EXERCISE GOAL:
From the listing below, retype exactly the line holding "100 vilde bier på ny | NATURBESKYTTELSE.DK", the line holding "Worksheet A Military Worksheet - Maryland", and the lines between them; skip everything else.

---------- DATA TO USE

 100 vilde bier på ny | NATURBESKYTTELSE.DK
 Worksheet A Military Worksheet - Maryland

--------------------
---------- DATA TO USE

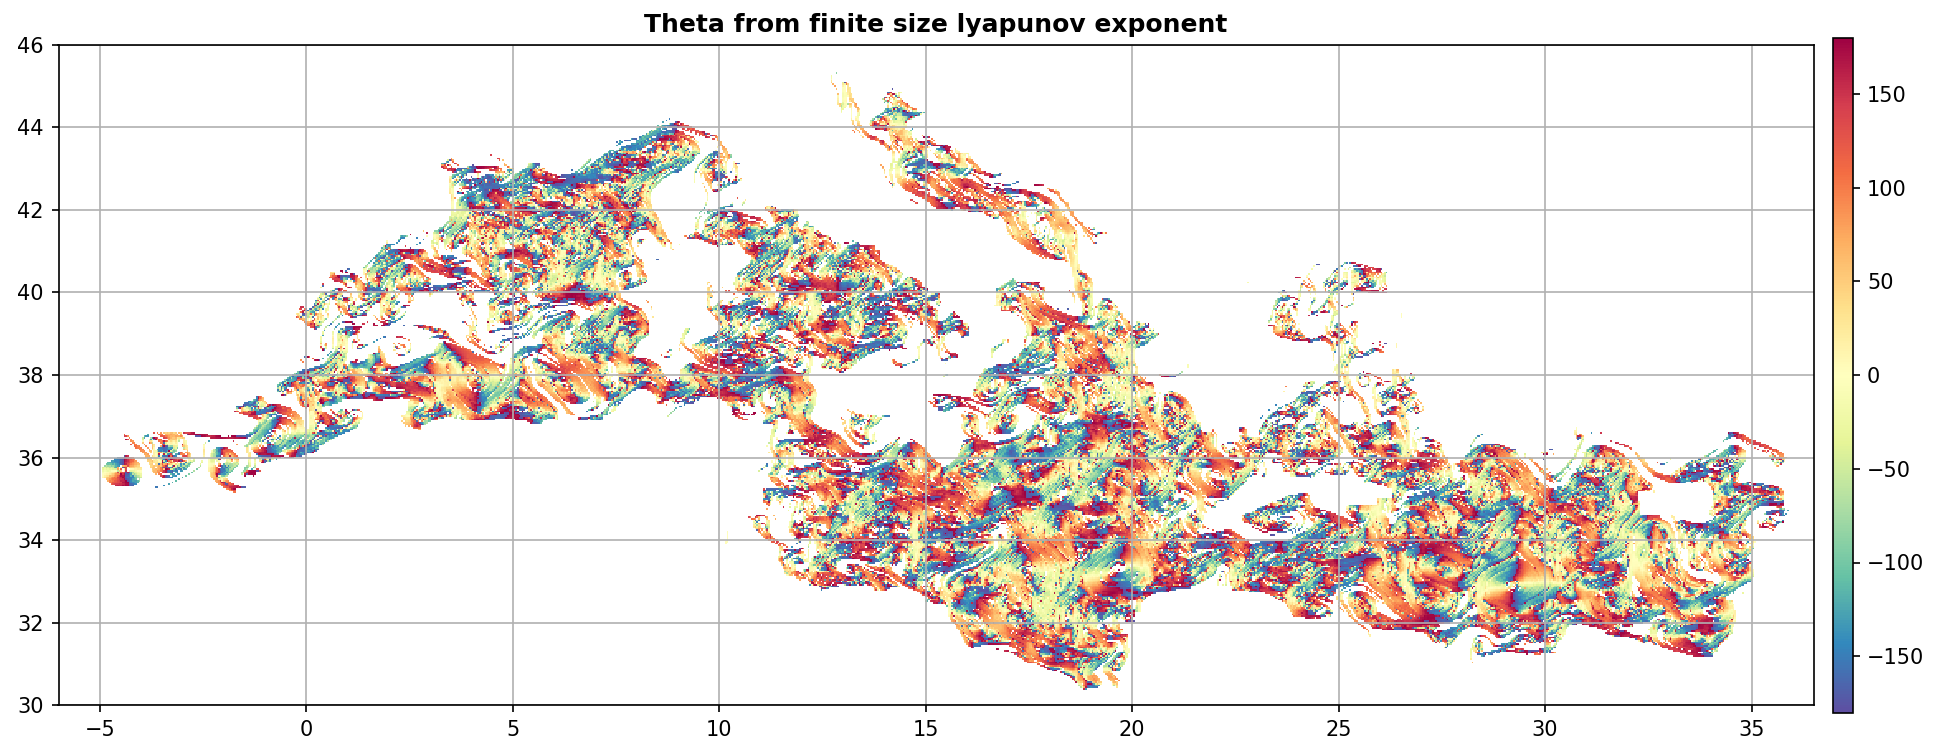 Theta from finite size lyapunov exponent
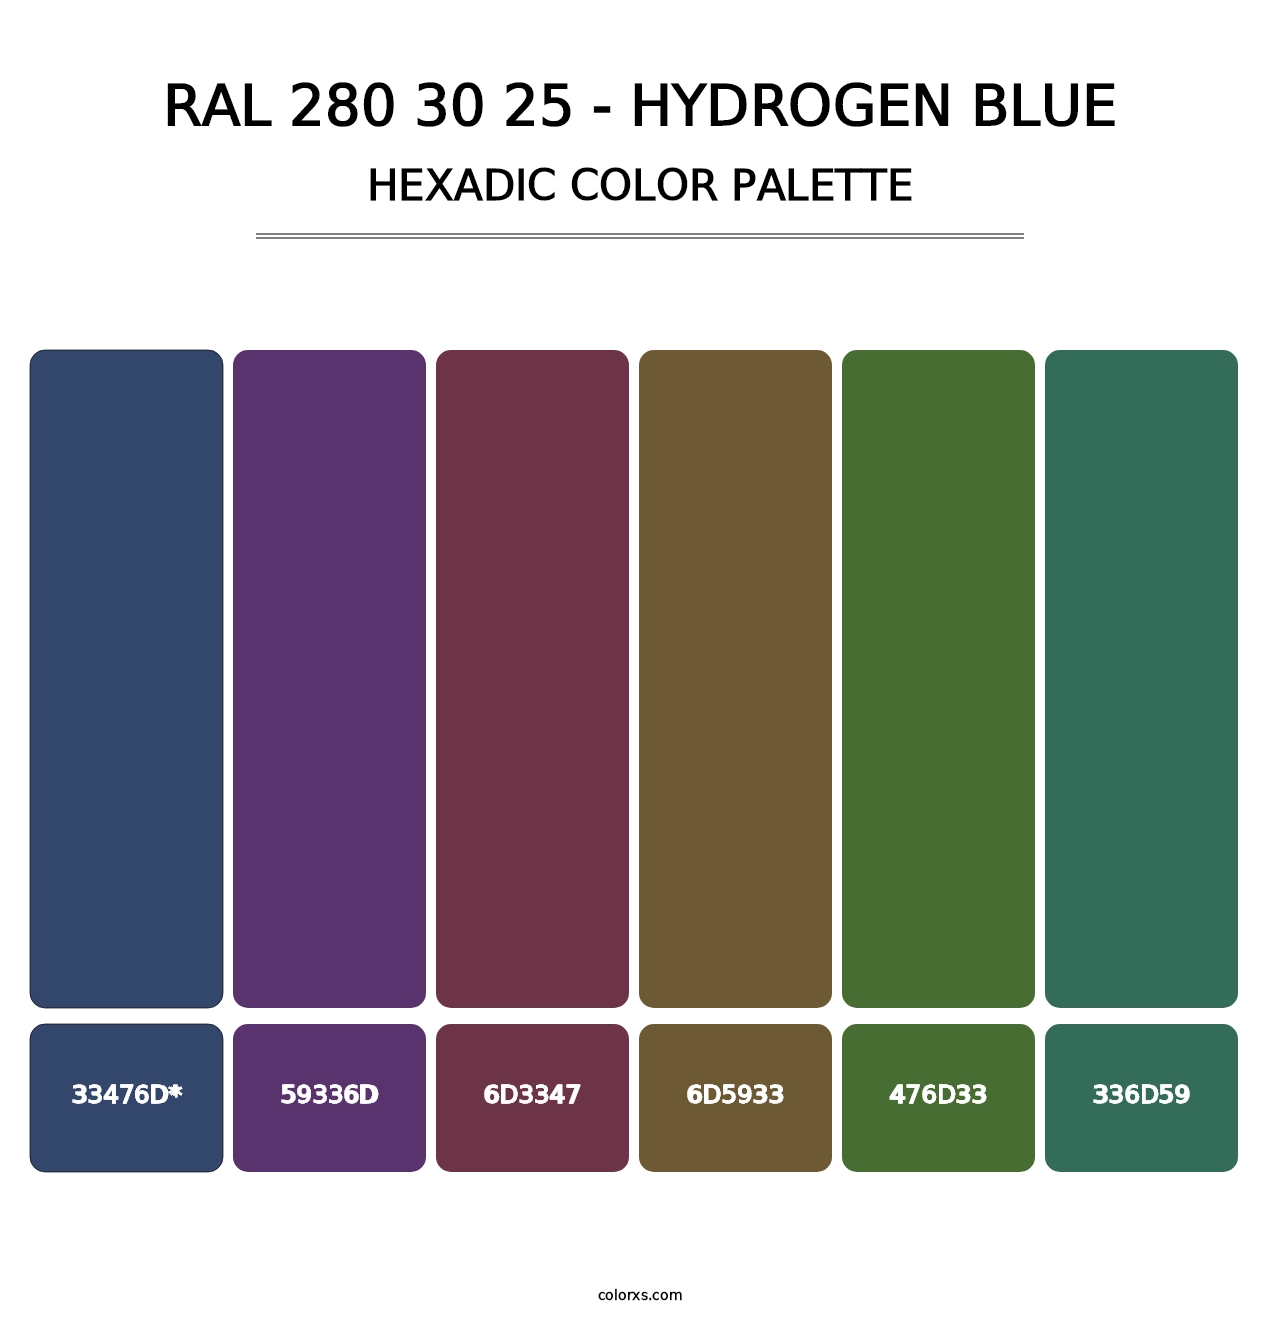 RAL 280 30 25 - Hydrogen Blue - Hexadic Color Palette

--------------------

SOLUTION FOR THIS EXERCISE:
 100 vilde bier på ny | NATURBESKYTTELSE.DK
 Worksheet A Military Worksheet - Maryland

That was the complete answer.